Member of the Virginia House of Delegates from the 75th district
- In office January 11, 2006 – January 12, 2022
- Preceded by: Paul Councill
- Succeeded by: Otto Wachsmann

Personal details
- Born: Roslyn M. Cain July 18, 1961 (age 65) Greensville County, Virginia
- Party: Democratic
- Spouse(s): Rufus Edmond Tyler, Sr.
- Children: Rufus Jr., Ronecia, Rosché, Rameka
- Alma mater: Virginia State University Old Dominion University Virginia Commonwealth University
- Profession: Physical therapist
- Committees: Education; Agriculture Chesapeake and Natural Resources; Appropriations
- Website: www.delegatetyler.com

= Roslyn Tyler =

American politician (born 1961)

Roslyn C. "Roz" Tyler (née Cain; born July 18, 1961, in Greensville County, Virginia) is an American politician of the Democratic Party. Since 2006 she has been a member of the Virginia House of Delegates. From 2006 to 2022, she represented the 75th district in Southside Virginia, made up of three counties and parts of four others, plus the city of Emporia and part of the city of Franklin.

During the 2019 legislative session, 67% of the House bills introduced by Tyler were signed into law.

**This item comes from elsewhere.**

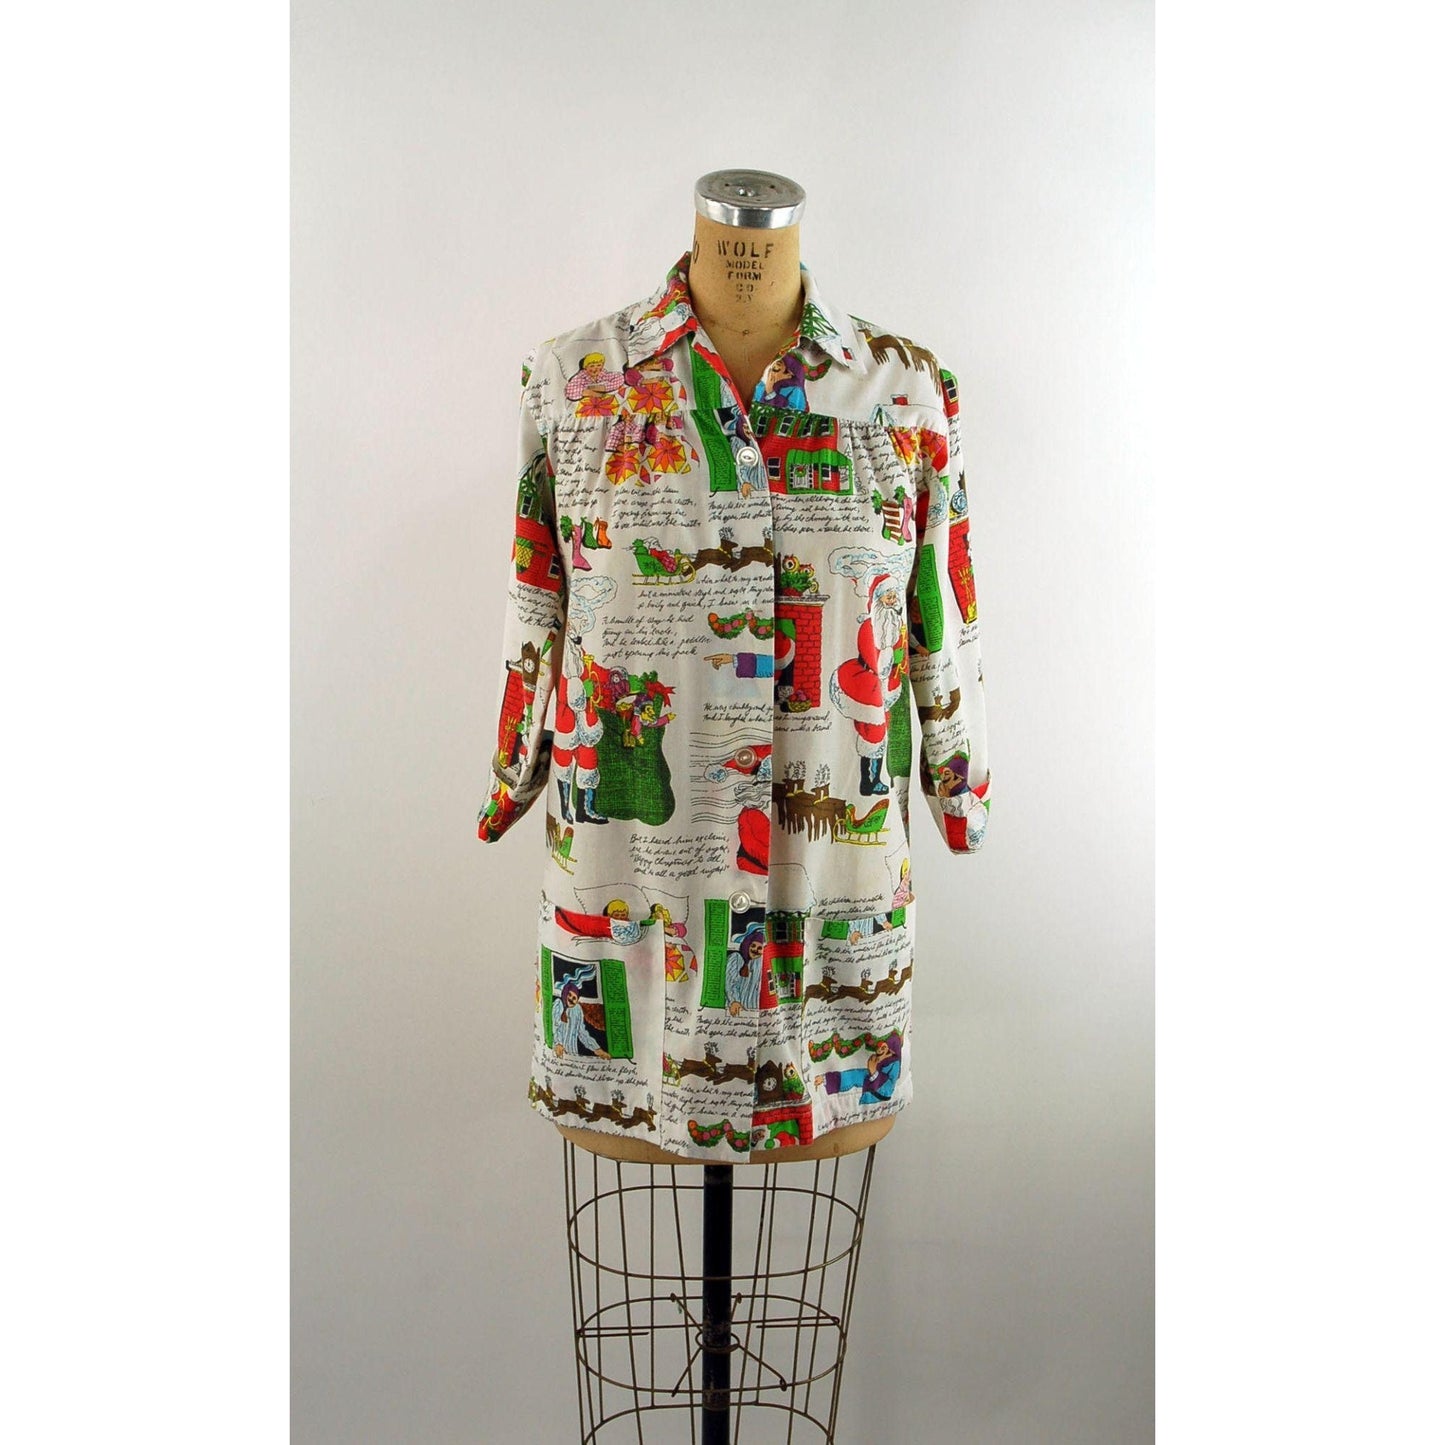 Novelty Christmas smock top shirt Night Before Christmas cartoons by Andhurst Size M
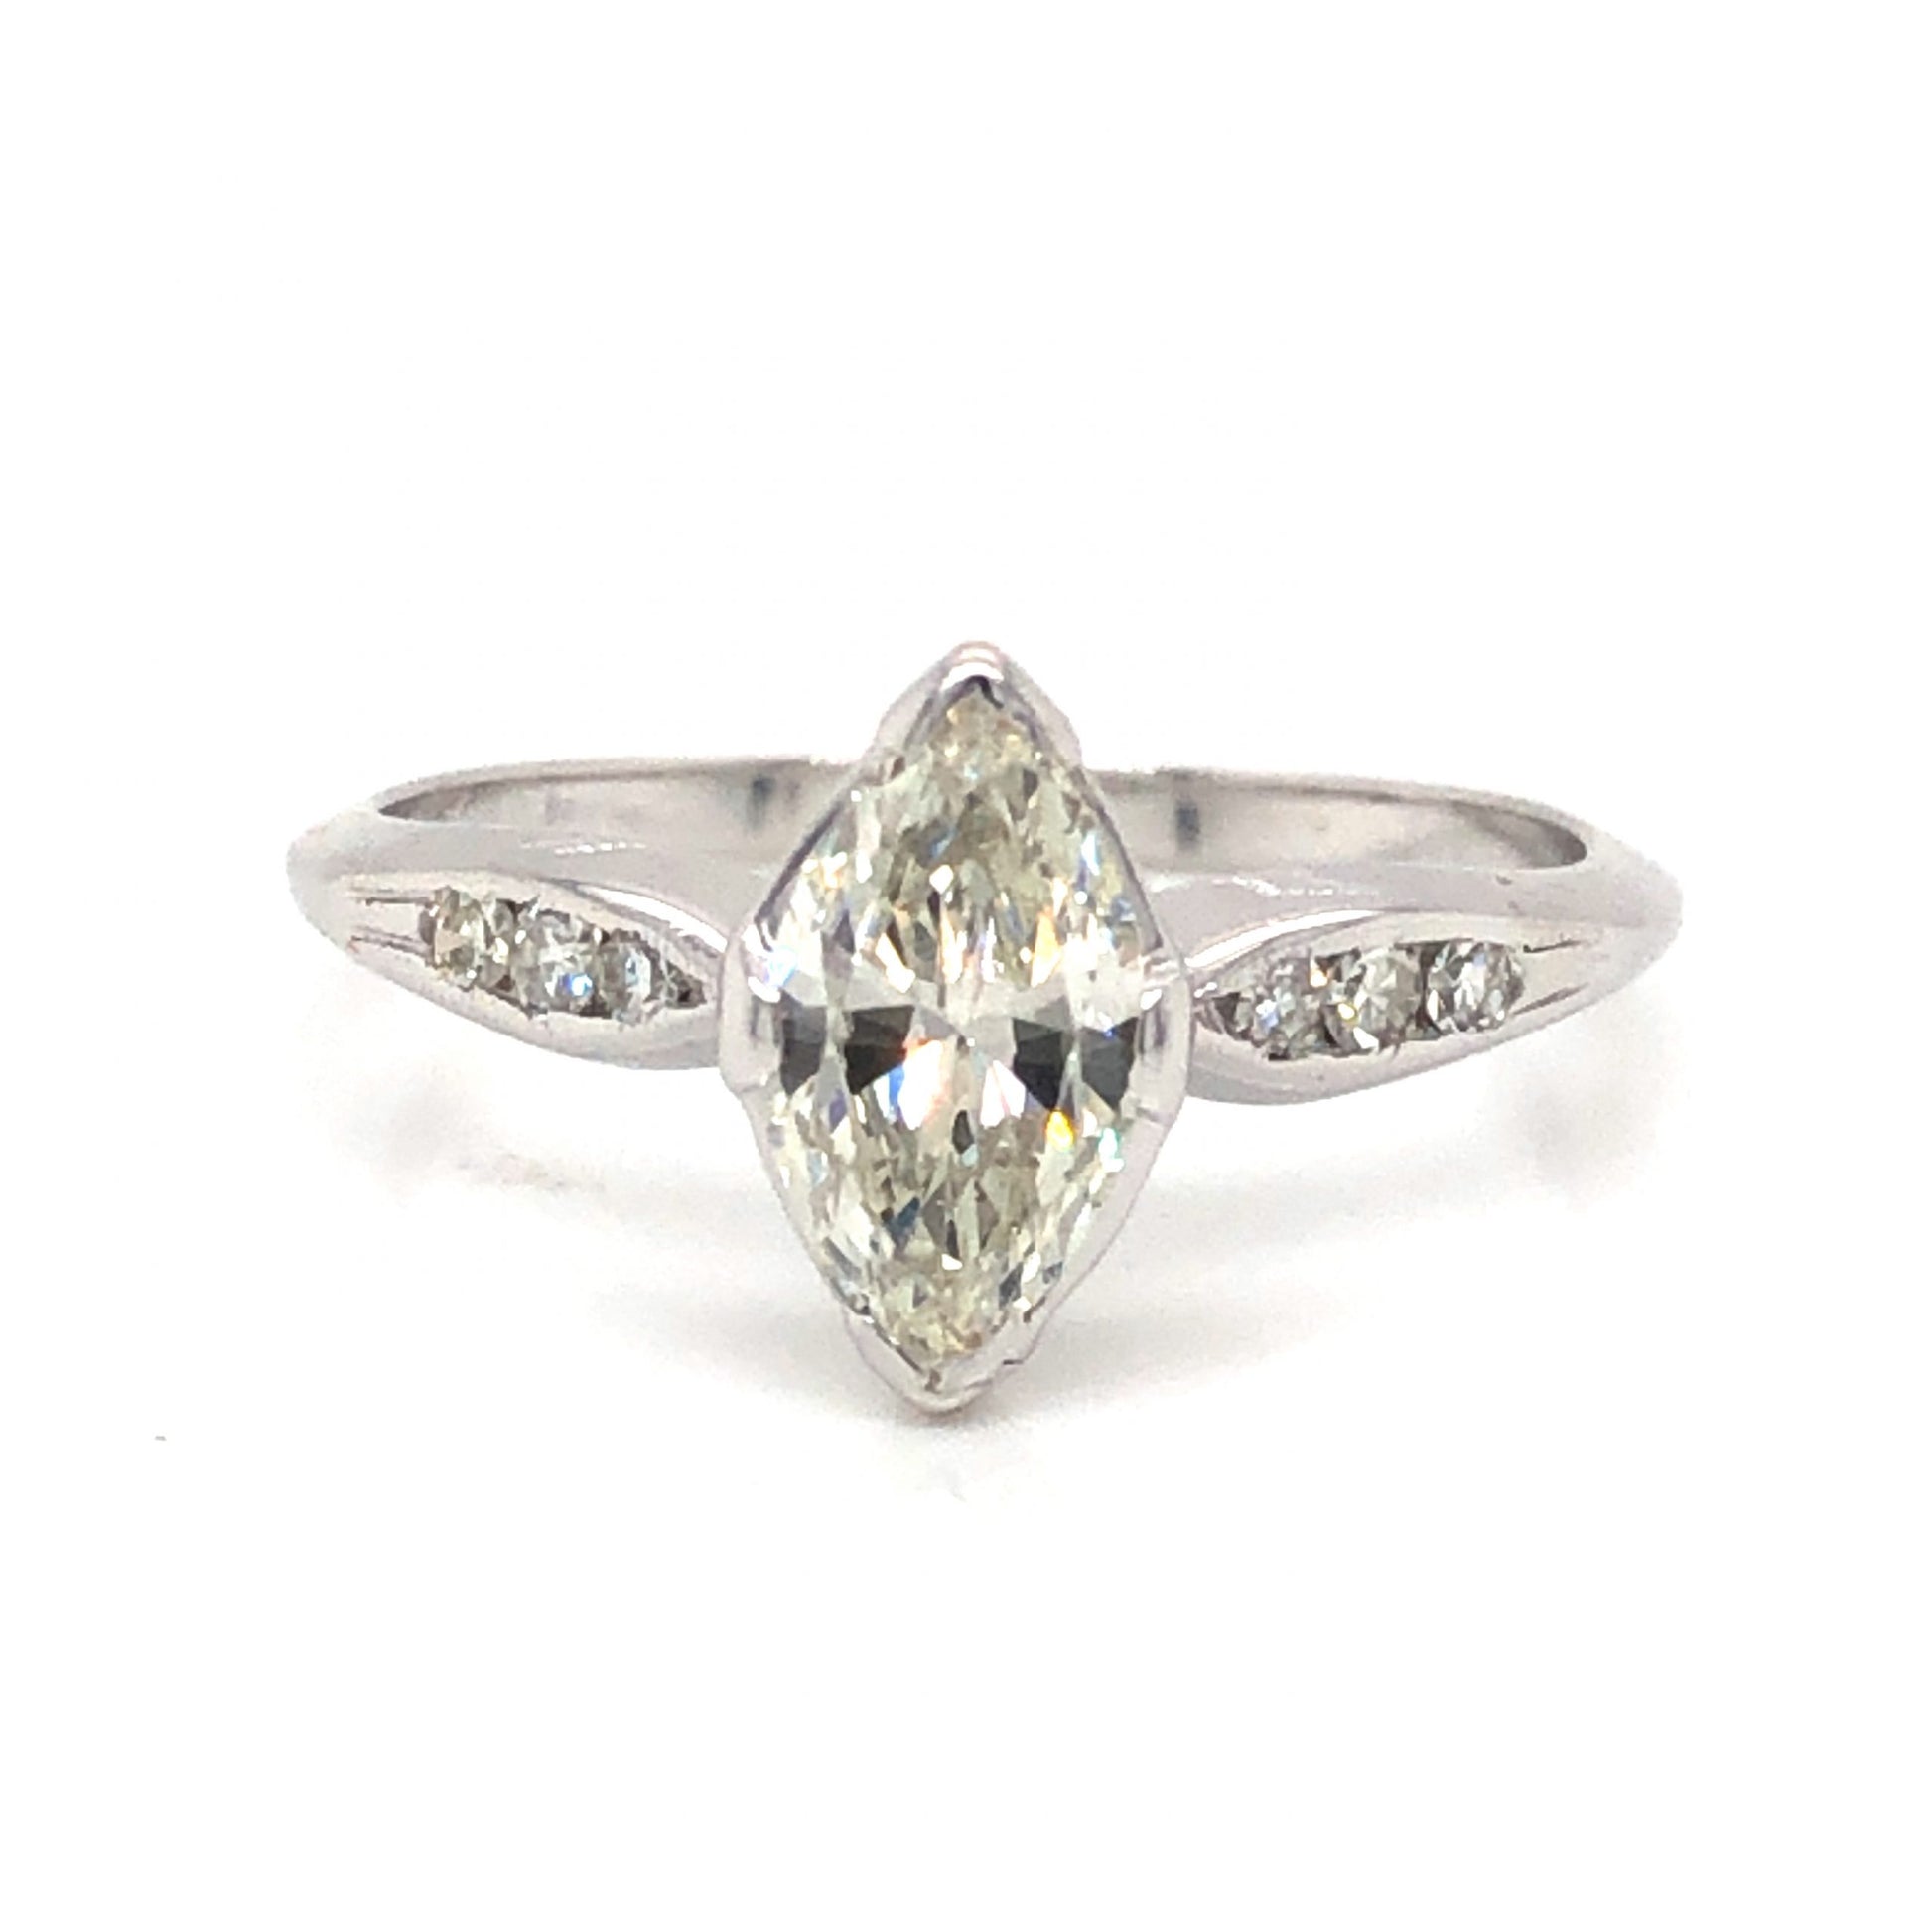 .75 Art Deco Marquise Diamond Engagement Ring in 18k White GoldComposition: 18 Karat White Gold Ring Size: 7 Total Diamond Weight: .955ct Total Gram Weight: 2.5 g Inscription: K & P , 18K

==Early life and education==
Tyler was born in Emporia, Virginia and is a graduate of Greensville County High School. Tyler holds Bachelors of Science degrees in Biology and Physical Therapy from Virginia State University and Old Dominion University. She also holds a Masters of Science in Education from Virginia State University.

==Political career==
Tyler serves as the Chair of the Education Committee and as a member of the Agriculture Chesapeake and Natural Resources Committee, and Appropriations Committee.
She was also a former member of the Sussex County Board of Supervisors.

The Virginia Education Association Fund for Children and Public Education has endorsed her because she has consistently voted for legislation supporting public education.

Tyler lost her re-election bid in 2021 to Republican pharmacist Otto Wachsmann, who had been her general election opponent in 2019.